*** MATERIAL PROVIDED Section Begins ***

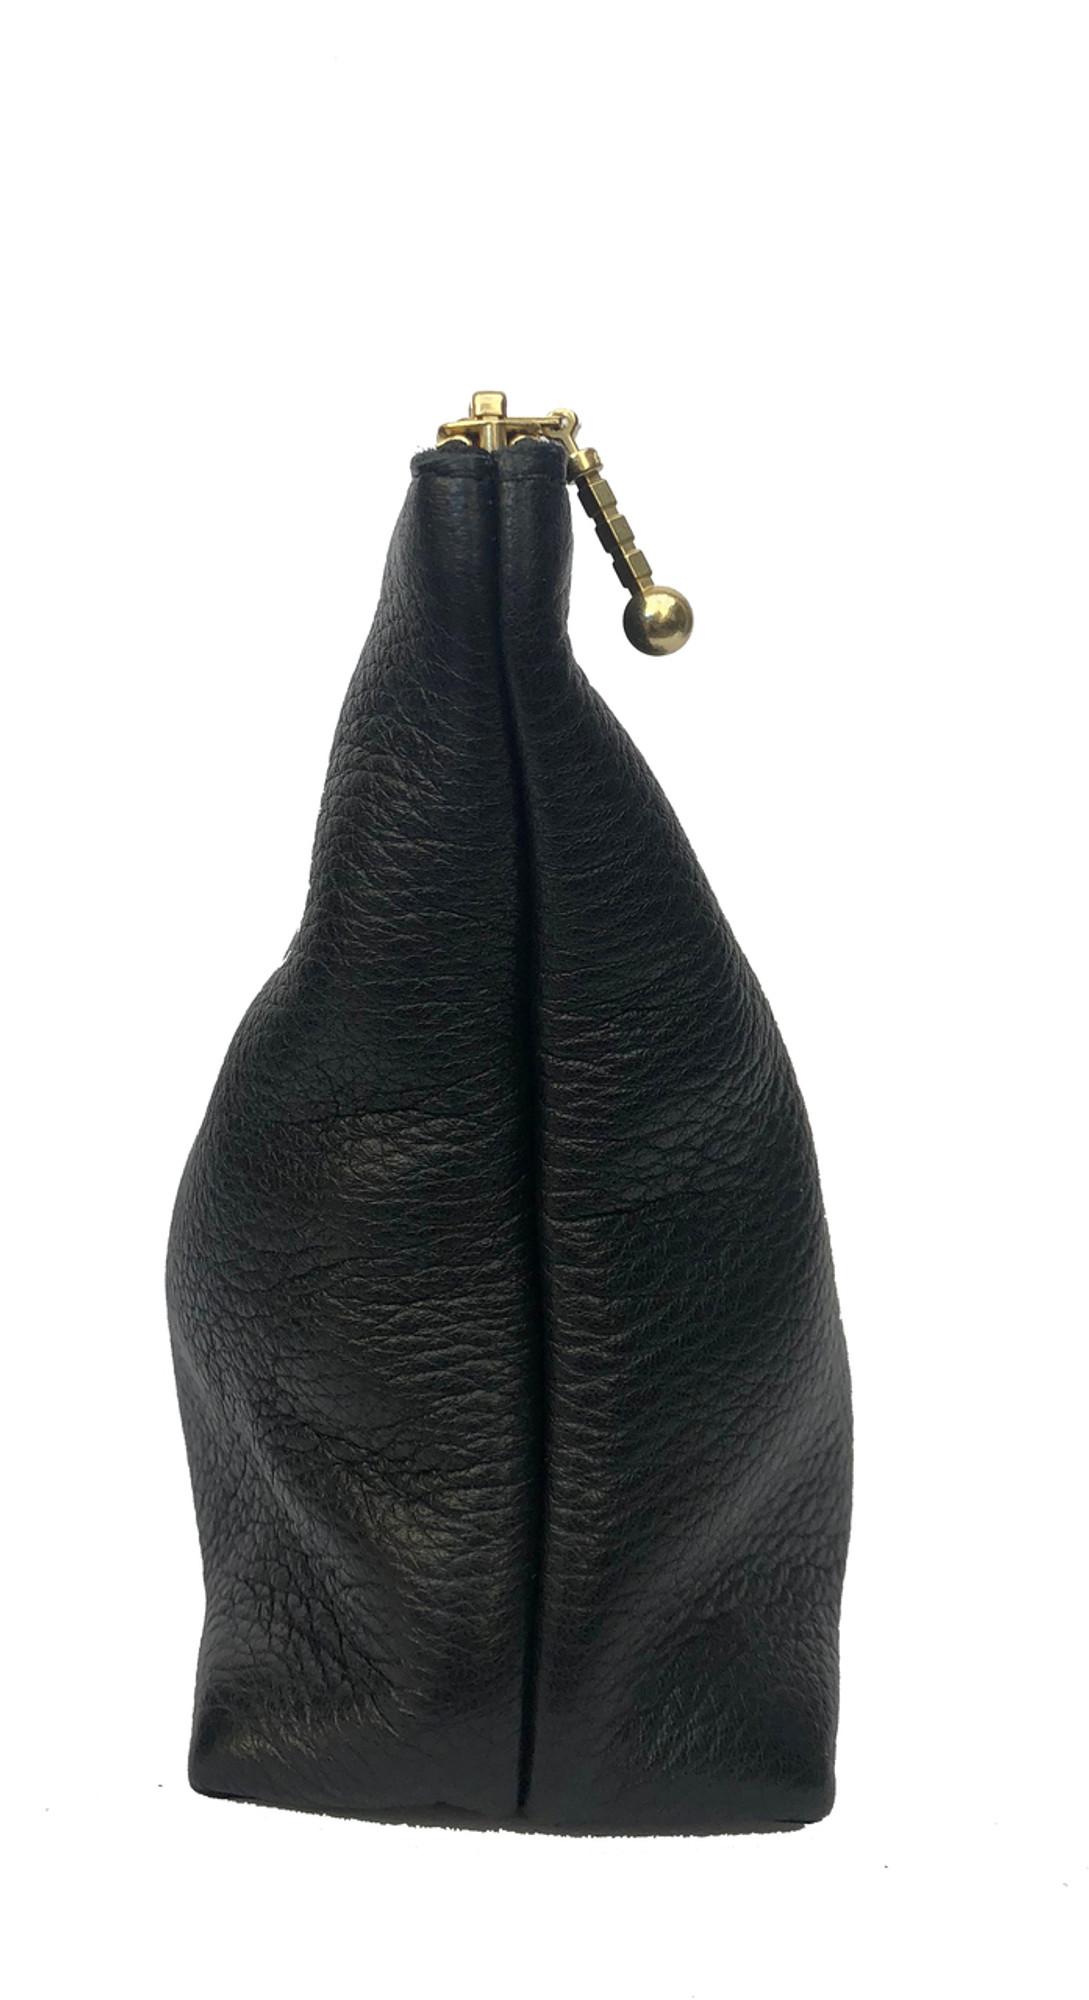 MAKE UP BAG LARGE - Black
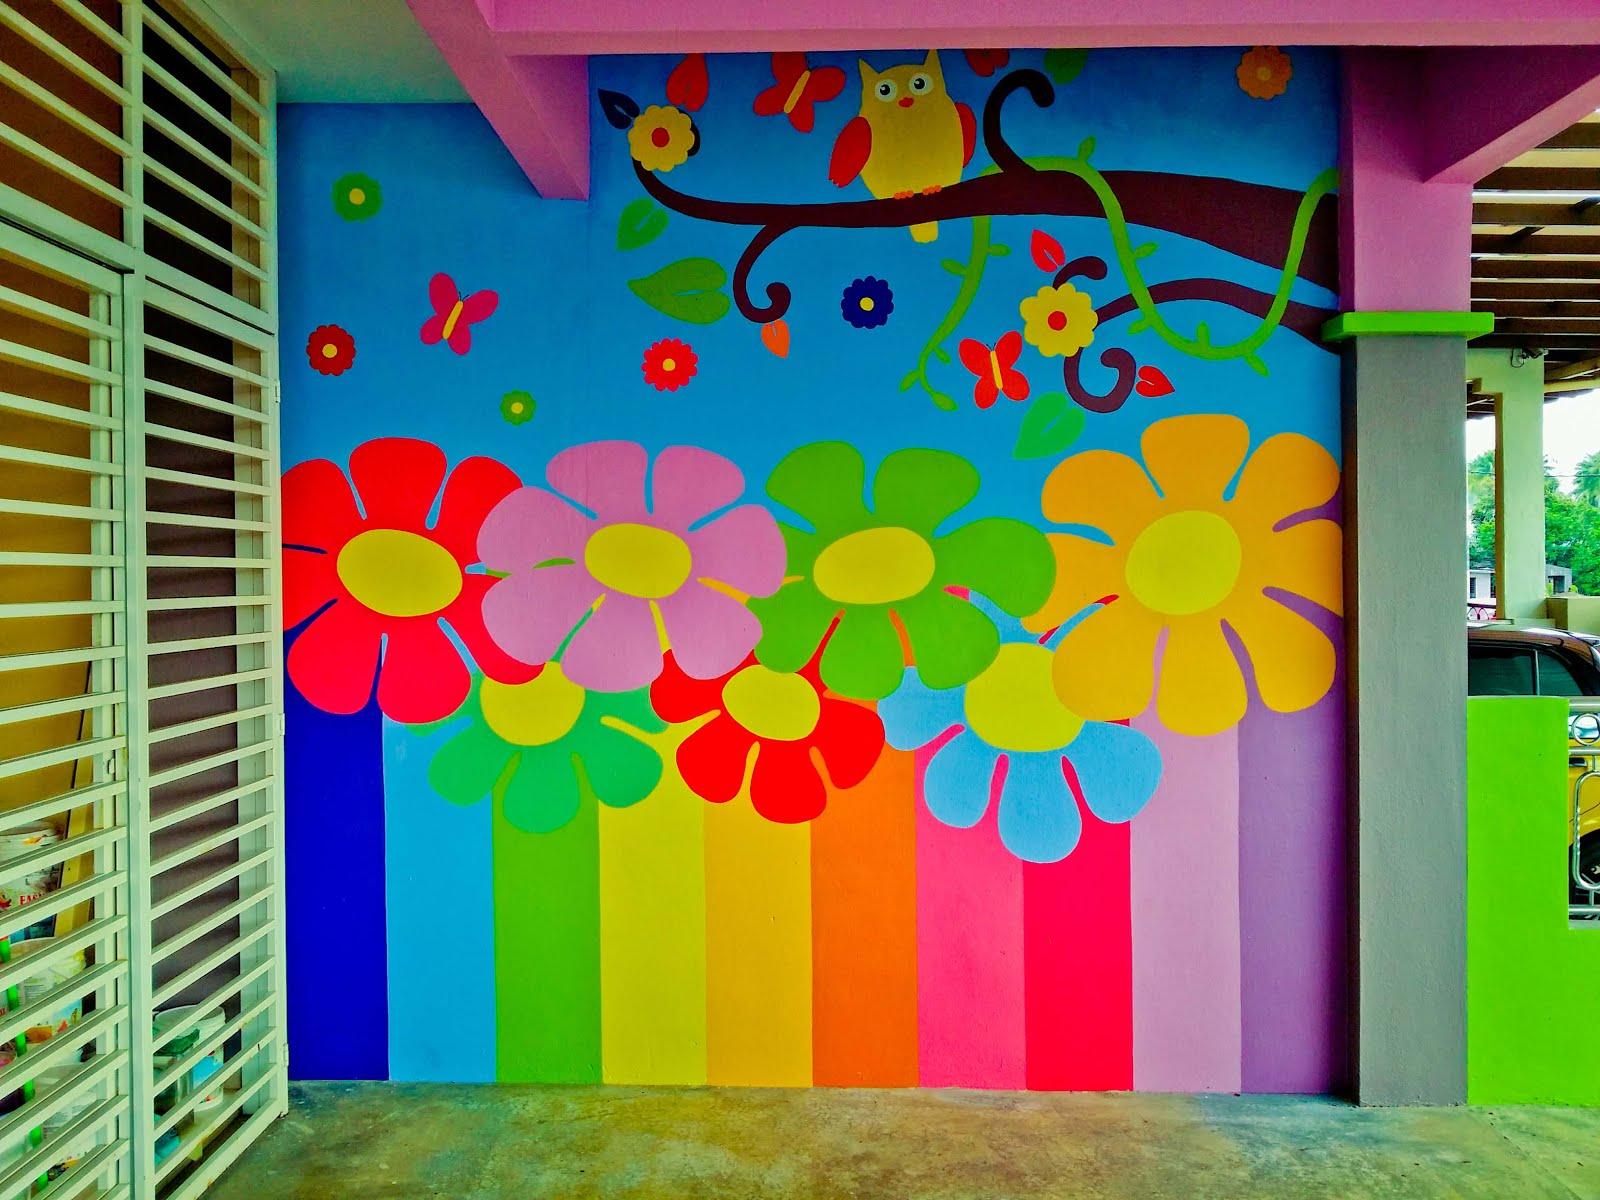 Lukisan Dinding Sekolah Tadika Cikimm Com
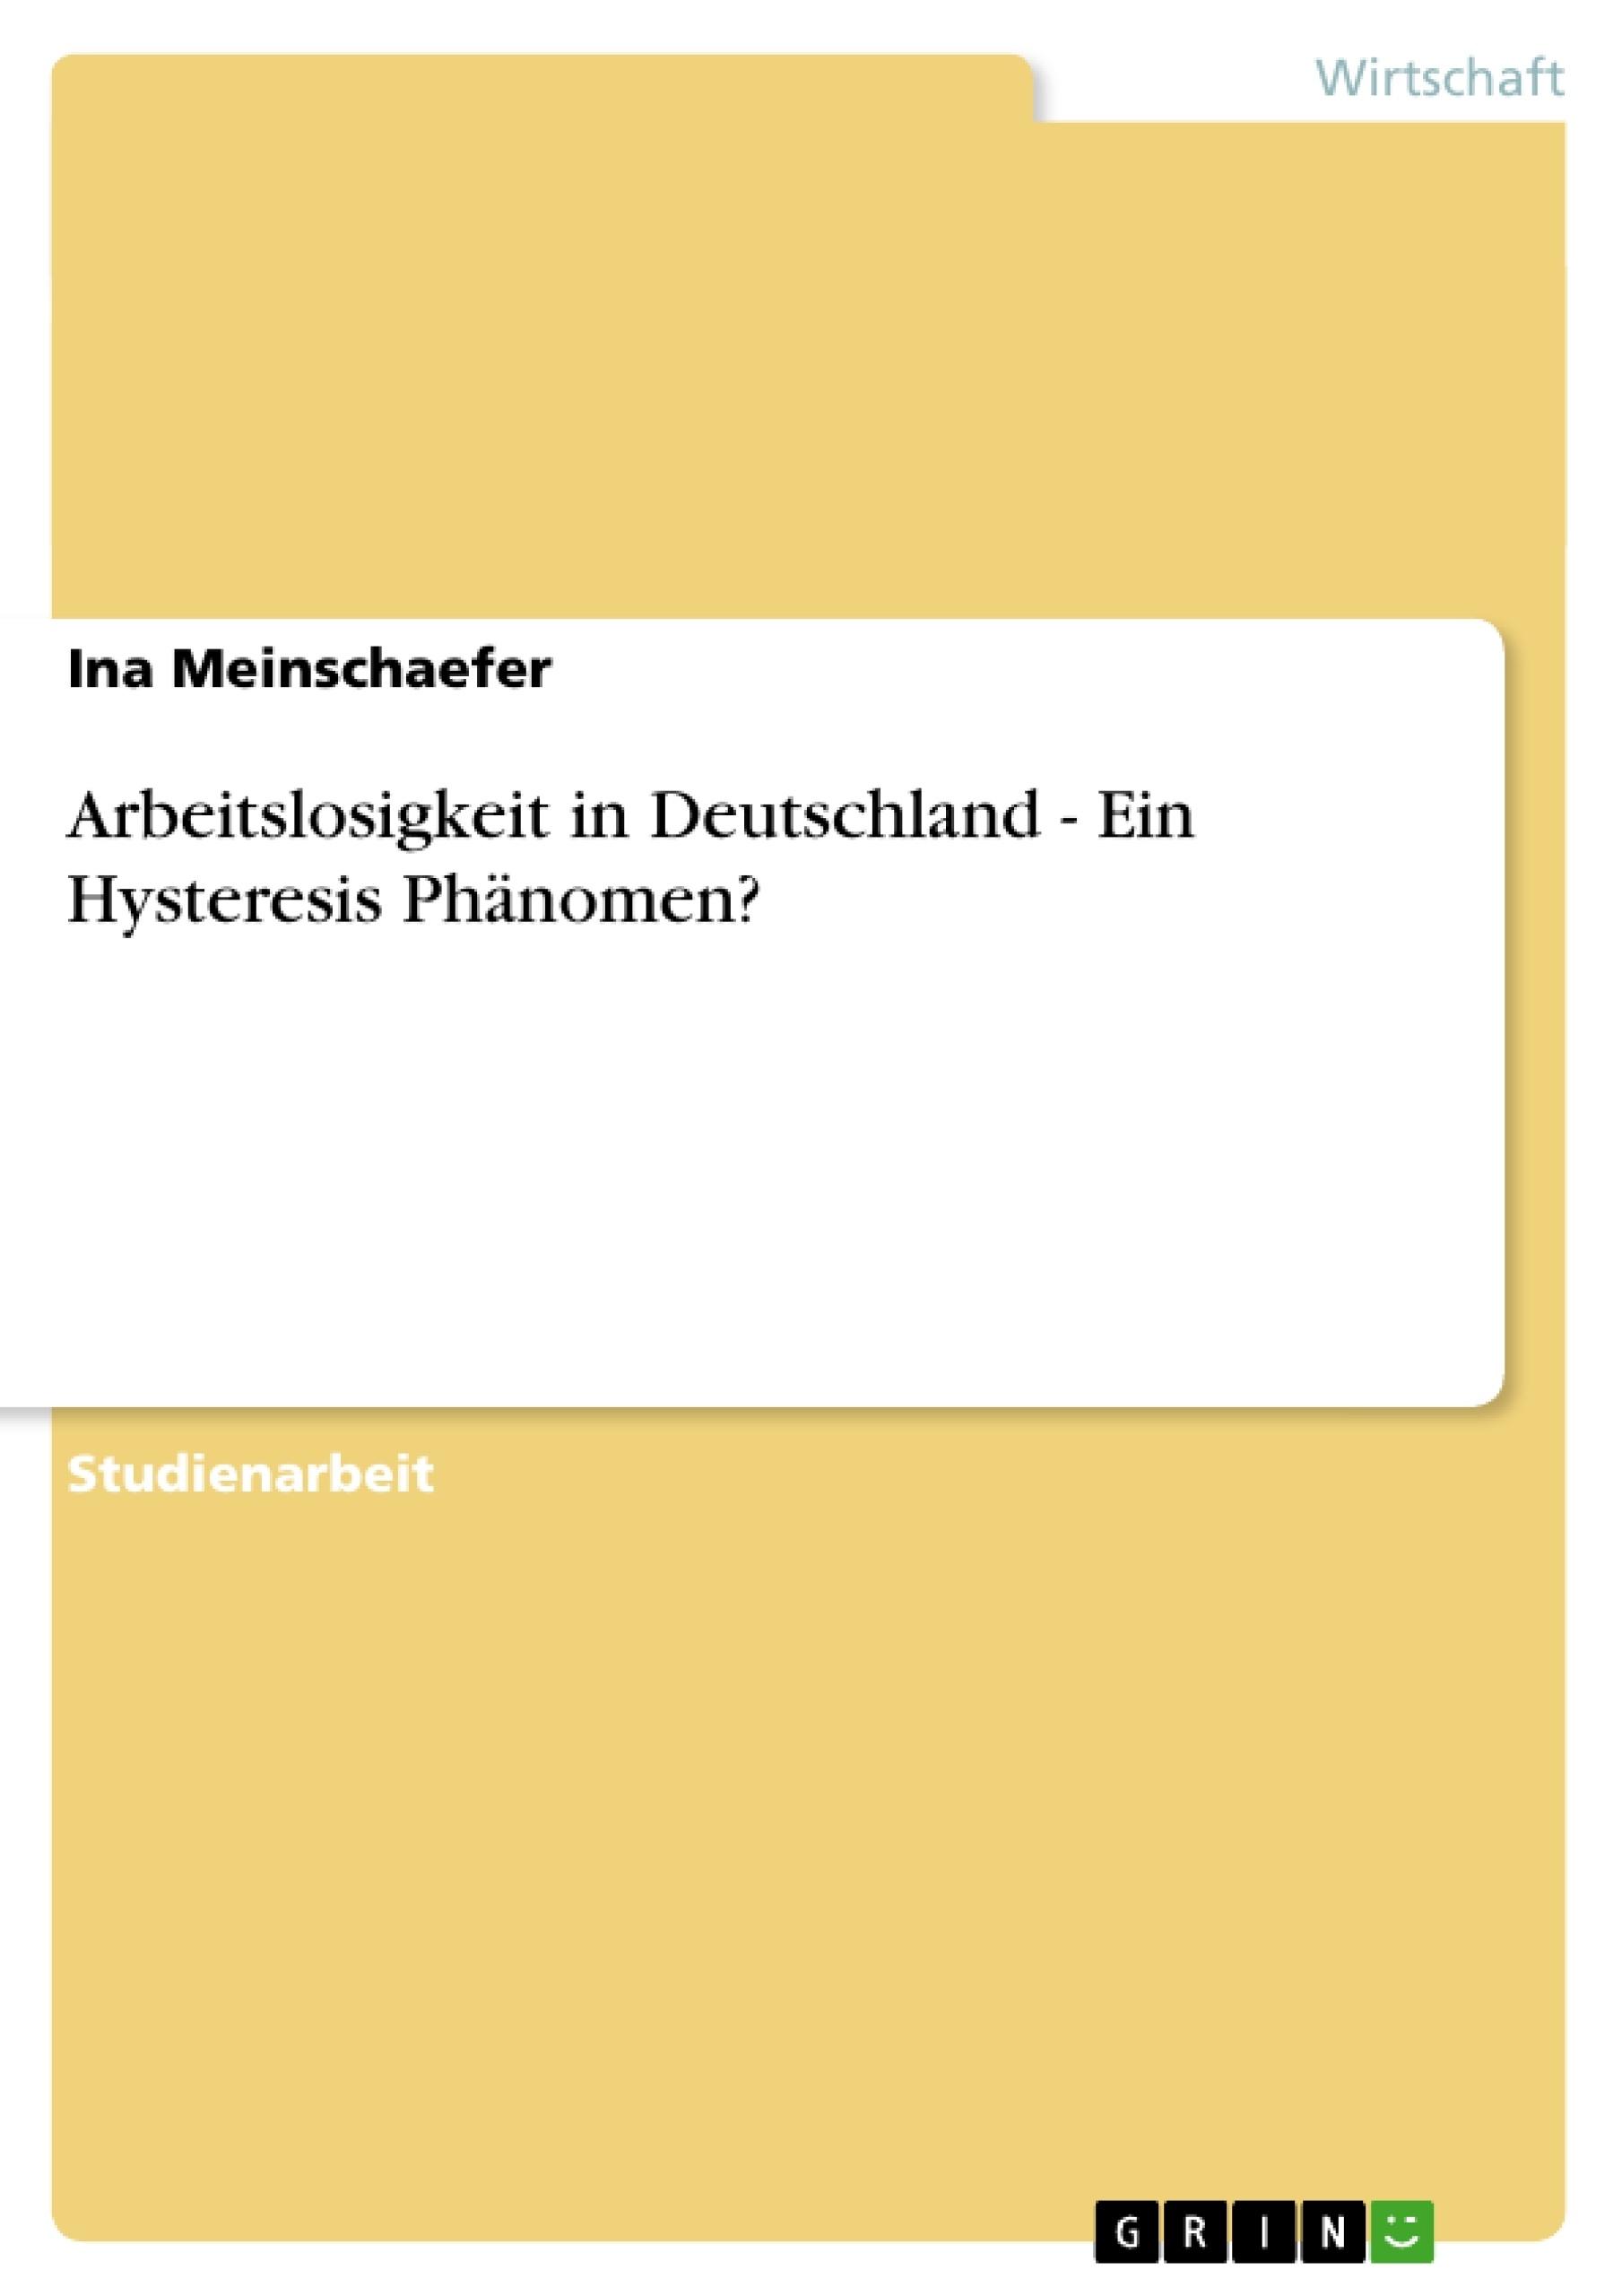 Titel: Arbeitslosigkeit in Deutschland - Ein Hysteresis Phänomen?

*** MATERIAL PROVIDED Section Ends ***

TASK INSTRUCTIONS: Repeat the material exactly, without images.

SOLUTION FOR THIS EXERCISE:
 MAKE UP BAG LARGE - Black
 Lukisan Dinding Sekolah Tadika Cikimm Com
 Titel: Arbeitslosigkeit in Deutschland - Ein Hysteresis Phänomen?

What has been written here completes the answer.